Published on 14/12/2017 in Inspire
The precise meaning of big data depends on the context. Sometimes the ‘big’ refers to the large quantity of data, but it could equally be a question of many different data sources or data formats. To me, first and foremost, big data means an explosion in terms of complexity and the growing realization that data itself is valuable. In the past, data was used purely as a basis for analyses. Now we also have the means to do that better than ever and, what is more, data can be traded as a product in itself.
For instance, there is a manufacturer of agricultural tractors in the US that obtains valuable information via sensors about the ease of use and safety of its machines. Selling this data provides the manufacturer with an extra source of income.
Data plays a leading role in the digital transformation that is currently in full swing. Businesses can use data governance to ensure that they have high-quality data. Analysts need this data today to be able to formulate their advice properly. That’s only logical because, on the basis of this advice, important policy decisions are taken so that businesses can grow.

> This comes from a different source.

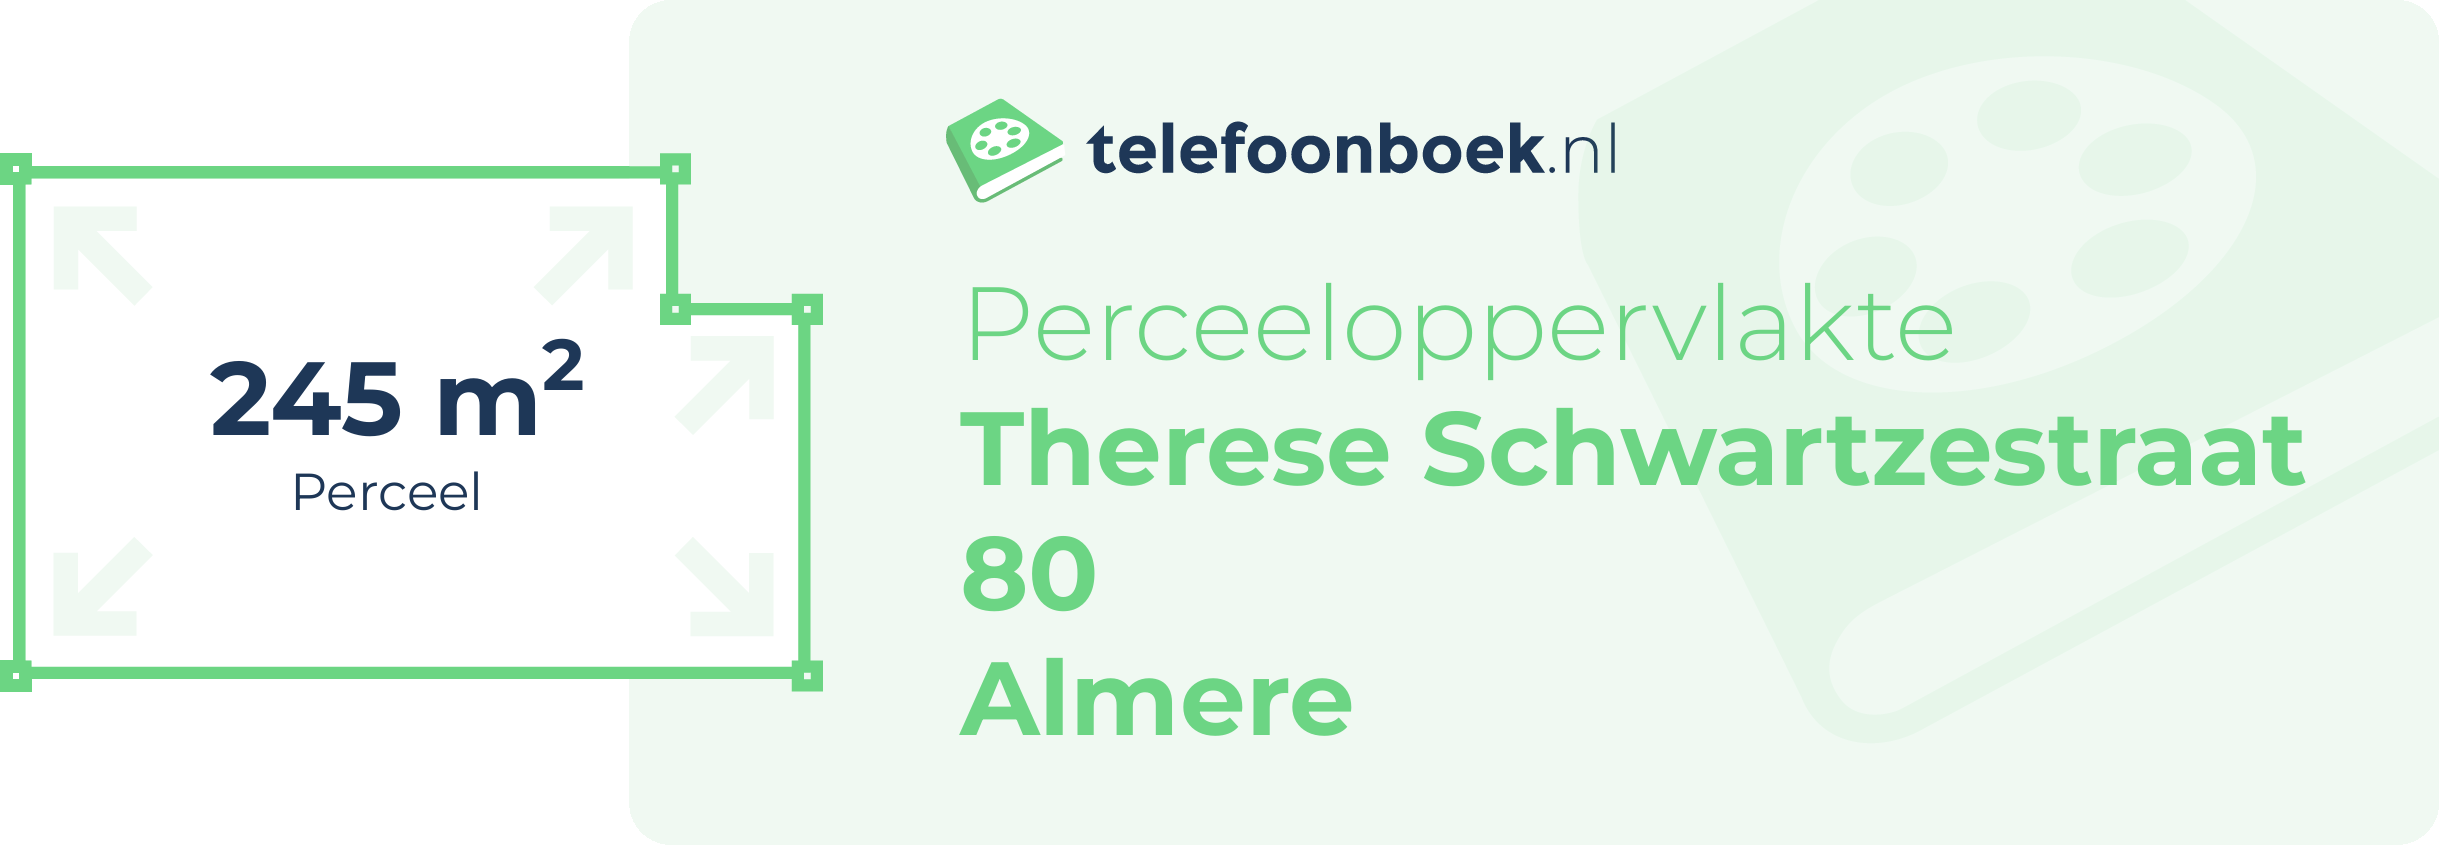 Perceeloppervlakte Therese Schwartzestraat 80 Almere

The data haystack is 10 times bigger but the needle is still just as small. That problem can be offset by what we call the ‘Amazonification’ of data. This involves dealing with data governance based on the principles of Amazon. Goal is guiding consumers to find products on their website quickly and easily. Imagine a sort of catalogue for your data that you can use to find the right data without difficulty. Otherwise you end up with the equivalent of a library with 100,000 books that have no titles and aren’t arranged in any particular order. Try starting from there.
“The haystack is ten times bigger but the needle is still just as small. We resolve that by the amazonification of data.”
Felix Van de Maele - CEO Collibra
We talk about big data but, in fact, we haven’t seen any real big data yet. However, it’s on its way now. Once we start collecting data from the Internet of Things, sensors and wearables, data flows will get bigger than ever before.
Linking the unbridled power and possibilities of big data elegantly to a - legally and morally - fair application of the privacy rules is not a simple task. In that respect you might well wonder whether it is not up to individual consumers to choose whether to benefit as much as possible from the advantages of big data or to protect their privacy as much as possible.
The privacy issue is becoming a hot topic, like being green is today. Companies will stand out more and more due to the security around privacy that they can or cannot offer their customers. In that respect, many companies today are still ill-prepared for the requirements of the new European GDPR.
There are two trends that can jeopardize the value of data:
Most companies have now started capturing a whole heap of data. But the huge increase in the complexity of data makes it difficult for them to analyze the data properly and fully. So two analyses of the same data can lead to two different positions, namely toxic analytics.
More and more departments in the company want to have their say. Consequently, there are too many people involved in the process, there is too much data and there are too many tools. All this leads to chaos, so it is difficult or even impossible to retrieve the real value from the data.
Felix Van de Maele was born and bred in Ostend. Shortly after finishing his computer sciences studies at the VUB University in Brussels, he set up Collibra with some fellow students.
Collibra is a Belgian data governance company set up in 2008 as a spin-off of the VUB. Today the company has about 250 employees and offices in New York, Belgium, France, Poland and the United Kingdom. Collibra recently raised an extra $50 million in capital. Services Collibra counters data chaos to maximize data value /// helps companies comply with the rules of GDPR etc.